Existe una cierta evidencia en el sentido de que nada menos que el molt honorable president de la Generalitat de Catalunya, apoyándose en los Comités de Defensa de la República, e incluso tolerando la versión más violenta de estos, habría pensado –presuntamente– en ‘tomar’ el Parlament, que él ha convertido en una Cámara de agitación y no de debate sosegado, para proclamar desde allí, encerrado, nuevamente la independencia. Así, como suena. Al margen de lo que este nuevo acto revolucionario pudiera parecer a más de la mitad de los catalanes que claramente se han manifestado en contra de locuras como esta. Siempre he pensado que Torra, como quizá su propio mentor Puigdemont, no desdeñaría ser el nuevo Companys del siglo XXI –no cae en la cuenta de eso precisamente, de que estamos ya en el siglo XXI– con todas las consecuencias. Quizá, hablando de octubre y sus revoluciones, soñase con ser Lenin, ya que no ha podido, o sabido, ser Kerensky. No será ni uno ni otro, desde luego.

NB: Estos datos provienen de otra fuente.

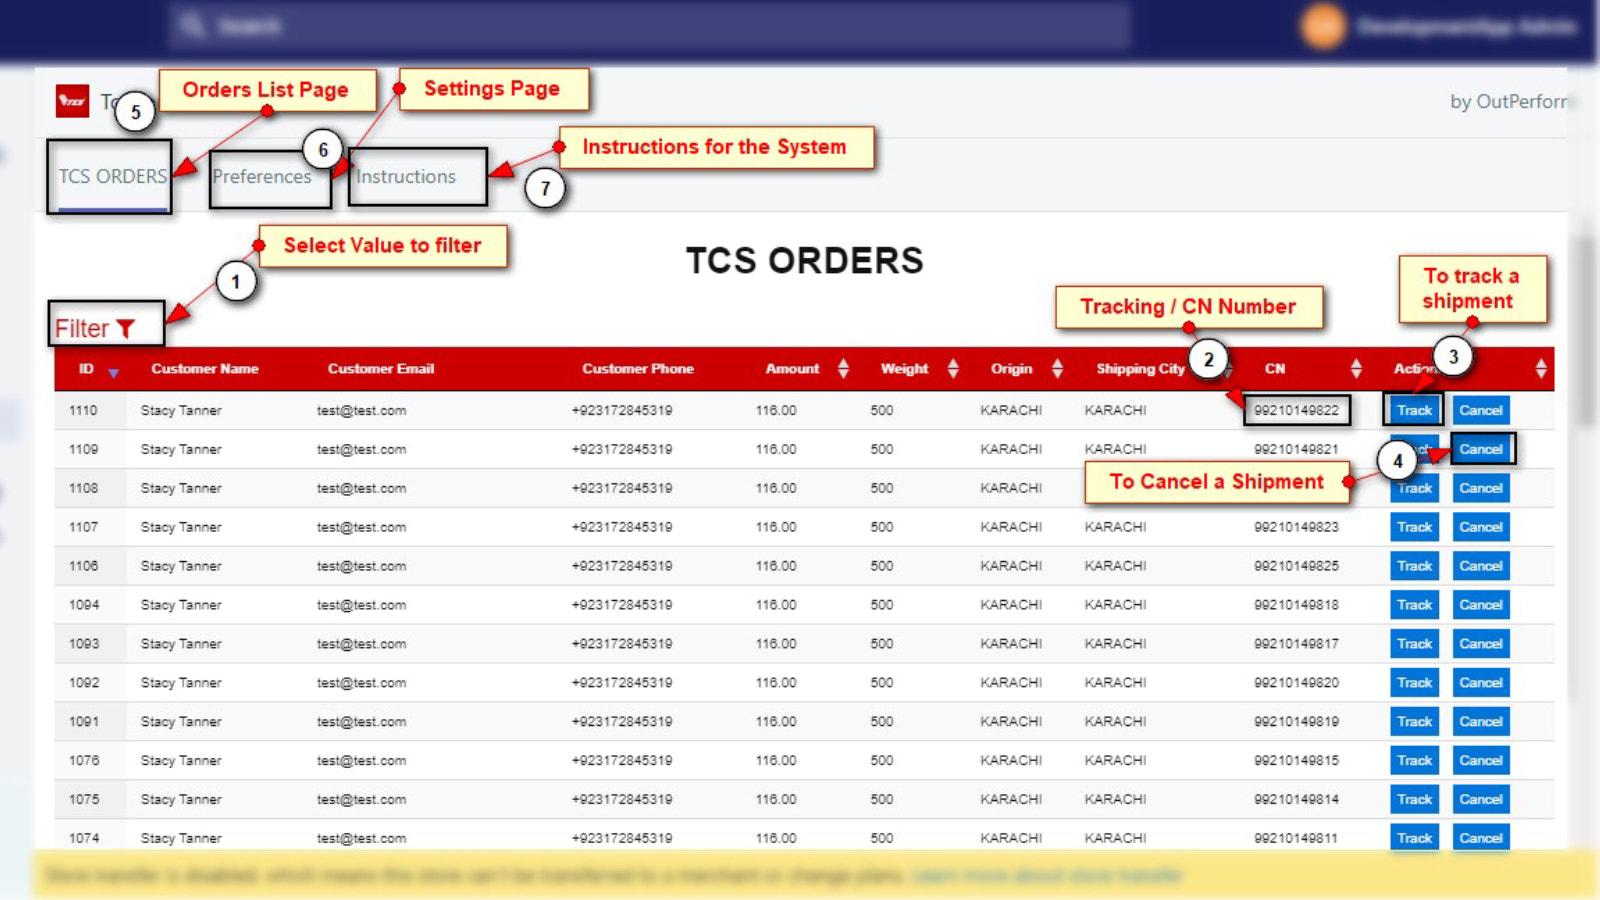 Alle skubbede ordrer sendt til TCS Customer COD Portal og sporing.

Y, con alguien así, con quien está dispuesto a derribar el templo para que, con él, mueran los filisteos, es muy difícil dialogar desde el Gobierno central. Máxime cuando ese Gobierno, que este lunes presenta las apariencias formales de su campaña electoral, está agobiado por lo que dicen las encuestas, por las futuras coaliciones que habrá sin duda que formar para poder seguir en La Moncloa. Este mismo lunes, por cierto, se constatará que no habrá coaliciones, ni de derechas ni de izquierdas, ante las elecciones que se celebrarán dentro de cinco semanas; pero vaya si las habrá, y serán sorprendentes, tras la jornada electoral.

Es la única manera, con pactos transversales, que superen el eje de ‘las derechas’ y ‘las izquierdas’, de afrontar esa revolución de opereta que, arrancando de este mes de octubre y de una sentencia que conoceremos quizá la semana que viene –hay muchos rumores sobre su contenido–, promete días de agitación en Cataluña y de agotamiento de muchas paciencias en el resto del país. Paciencias agotadas de muchas gentes que claman por soluciones ‘duras’, sin entender que esa puede ser la vía para taponar a corto plazo los boquetes, pero no para cimentar el futuro: ‘venceréis, pero no convenceréis’, dijo Unamuno a las autoridades franquistas en el rectorado de la Universidad de Salamanca, un momento cumbre recreado ahora por Amenábar. Vencer, con la fuerza de una aplicación extrema del confuso articulo 155 de la Constitución, es relativamente fácil. Quizá reformar la propia Constitución para actualizarla a los deseos y necesidades de todos los españoles –claro, también a la generalidad de los catalanes—puede ser un sendero más tortuoso, pero que habremos de recorrer. Empezando ya por este mes de octubre que se nos ha echado encima y del que espero algo más que ser un albergue de mítines egoístas.